Most South Africans consider cryptocurrency as bitcoin, ethereum and other well-known altcoins. But the real action in cryptocurrency in Southern Africa is in stablecoins, which combine the best of traditional and digital finance. These digital assets are typically pegged to fiat currencies such as the dollar or tangible assets such as gold, mimicking conventional money.
The two most widely used stablecoins are USDT and USDC, which have a combined market capitalisation of $200bn and last week reported daily trading volumes of more than $85bn. Both can be purchased/acquired with rand through Luno.
Africans use stablecoins for business payments, to hedge against inflation and the depreciation of local currency, and for retail transfers and remittances. They account for many crypto transactions across the continent. During 2024, stablecoins accounted for more than 40% of all blockchain volume in Africa.
In many emerging-market countries, where the local currency is volatile and access to dollars is limited, dollar-pegged stablecoins have gained traction. These coins offer businesses and individuals a way to store value, facilitate international payments and support cross-border trade. They are also an excellent tool for traders who want to quickly move in and out of positions without converting back to fiat currency, saving both time and transaction fees.
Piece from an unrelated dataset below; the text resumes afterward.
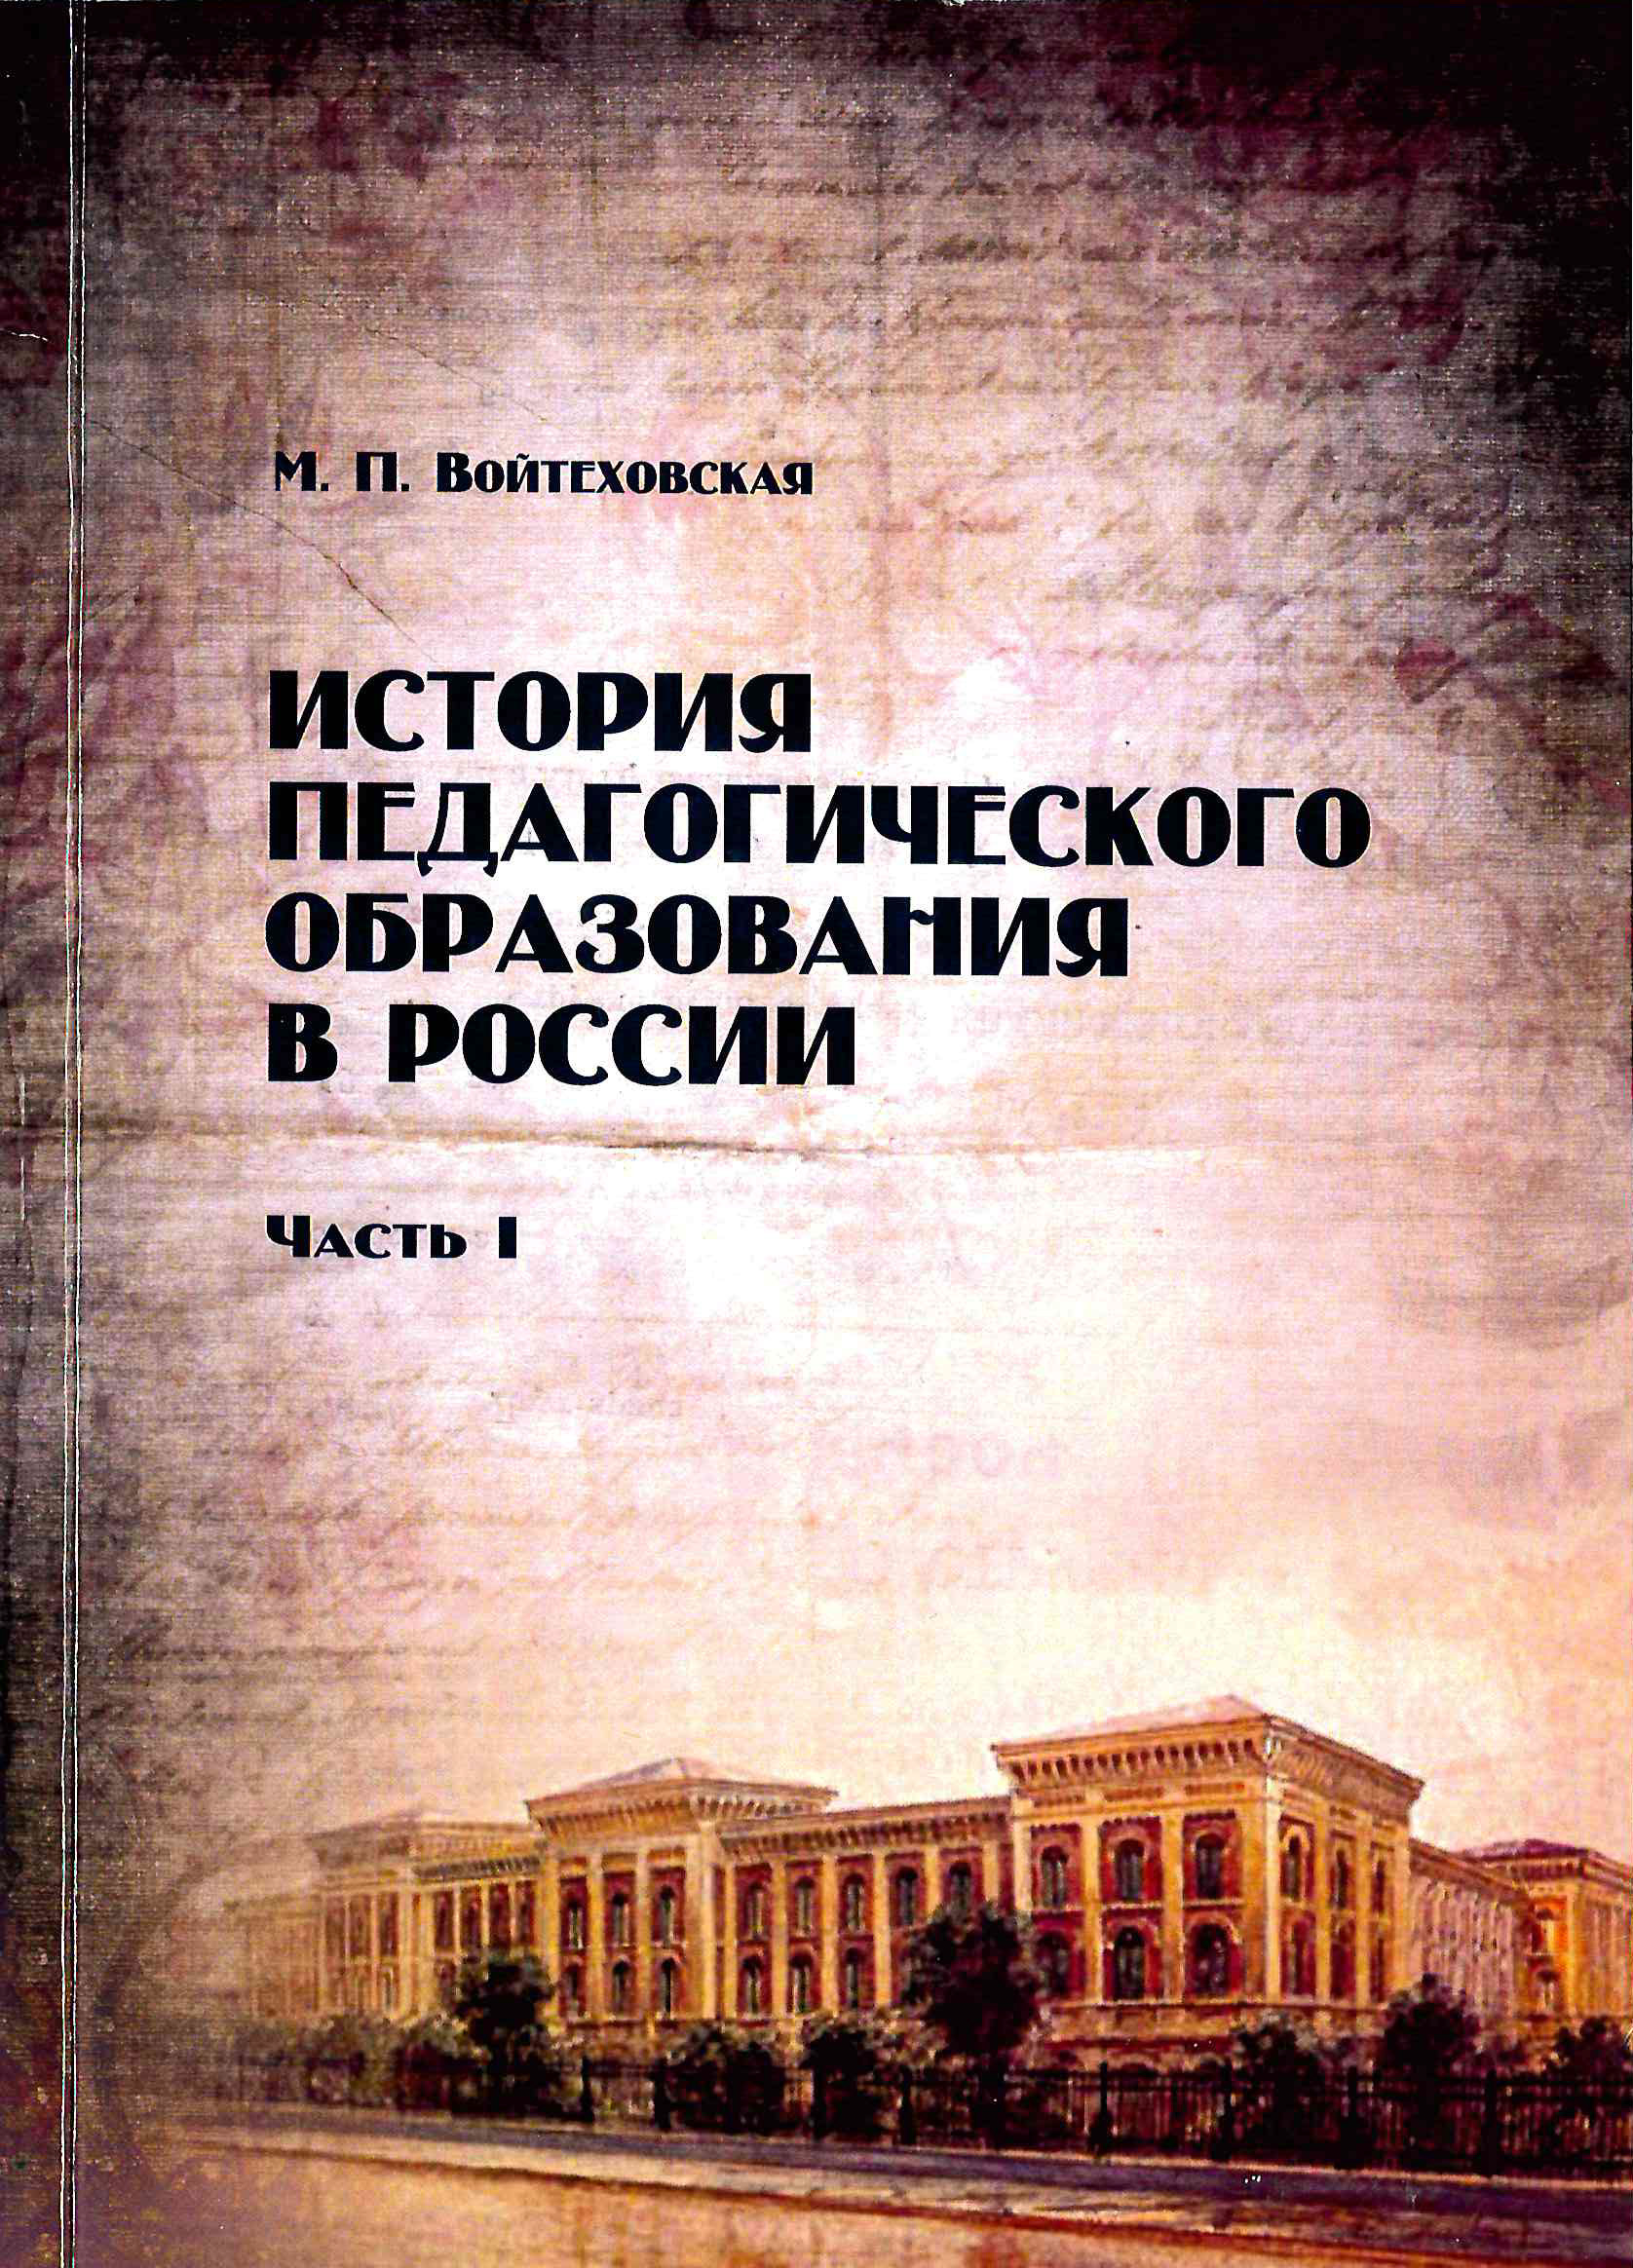 Обложка История педагогического образования в России 1 Часть

Their rising adoption in Africa can be seen as part of a wider move towards digital financial solutions
The appeal of stablecoins is that they offer the technological advantages of crypto while maintaining the relative stability of traditional currencies.
For South African businesses stablecoins can be a practical solution to currency risk management. They offer a way to hold value in a stable currency without the complexities of maintaining foreign bank accounts or dealing with expensive forex services. Stablecoins help expose African economies to global markets and can be liquidated into fiat currency within a day. Transaction fees are also low, making it more feasible to accept stablecoins from foreign customers as opposed to fiat currency paid through banking rails.
Over the past 12 months we’ve seen significant demand for stablecoins on Luno and view their rising adoption in Africa as part of a wider move towards digital financial solutions.
The stablecoin sector appears poised for continued growth and innovation. Recent developments in the US, including efforts to create a comprehensive regulatory framework for stablecoins, suggest increasing mainstream acceptance.
From a regulatory perspective, stablecoins meet the definition of a financial product under the Financial Sector Regulation Act in South Africa, functioning as digital representations of fiat currency. They are widely used for payments and remittances and are backed by real financial assets in the form of reserves held in banks.
Backed by real-world assets, stablecoins serve a critical function in the crypto industry beyond just price stability. Their role extends to broadening crypto’s utility, driving adoption at scale and enabling deeper integration with traditional financial systems.